Author Image Chris Ambler

Seamlessly Connecting Domains to Services with Domain Connect 2.0

Domain names are meant to be used. At GoDaddy, we want to empower our customers to build their dreams, and one way we can measure that is by seeing the number of active domains that are out there. Thus, any technology or product that promotes usage is a good thing, as active domains also mean renewals. With so many services available online that need domain names and the Service Providers who offer them (including, for example, Wix and Squarespace for easy website creation or Microsoft’s Office 365 Email offerings) providing an easy way for our customers to attach domain names to services is a huge win.

What’s the Problem?

Often, configuring just the DNS for a domain to be used by these services can get complex, especially for novice users. If I had a dollar for every time I had to explain to a friend or family member what an “A Record” is, and why they need to change it, I’d be flush in ice cream. Simply explaining the reason that a domain needs to be connected is enough to turn a customer off to doing so. Having a simple way for a customer to “connect” a domain name to a service – or even multiple services – without having to worry about the technical aspects is critical. In other words, presenting customers with opportunities to use their domains without exposing them to the confusion of the underlying infrastructure creates a seamless experience and an expectation that things will “just work” every time.

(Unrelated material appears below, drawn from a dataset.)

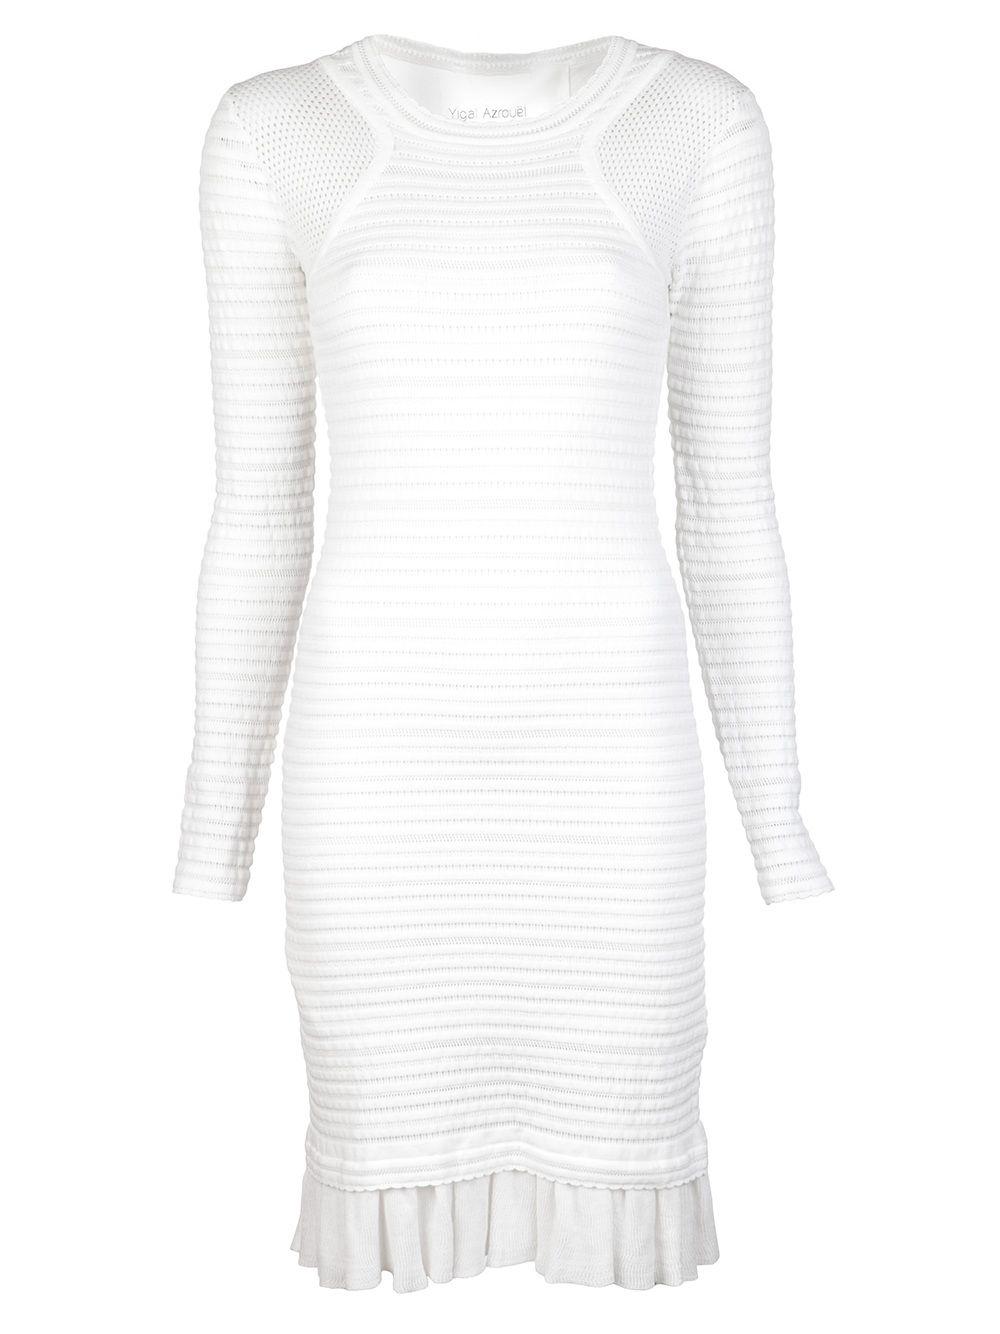 Park Art|My WordPress Blog_White Knit Dress Long Sleeve

As that expectation becomes mainstream, future developments in the Internet of Things make the implications even more staggering. Imagine if every home cable router came with an easy way to purchase and configure a domain name for the connected home? Or if the current Augmented Reality craze (as seen with Pokémon Go) let you purchase and configure a discoverable domain for your involvement.

Domain Connect 2.0 is a simple way to make the connecting of domains to services as seamless and easy as possible. Through a standardized protocol, implementation at both the Service Provider level as well as the DNS Provider level is consistent and predictable. Further, using templates to accomplish the configuration, DNS providers can ensure that changes have a lesser chance of causing problems or exposing unregulated DNS record manipulation to the outside world. Domain Connect 2.0 is a GoDaddy innovation that has been submitted to the IETF as an open standard, and our implementation, as a DNS Provider is underway.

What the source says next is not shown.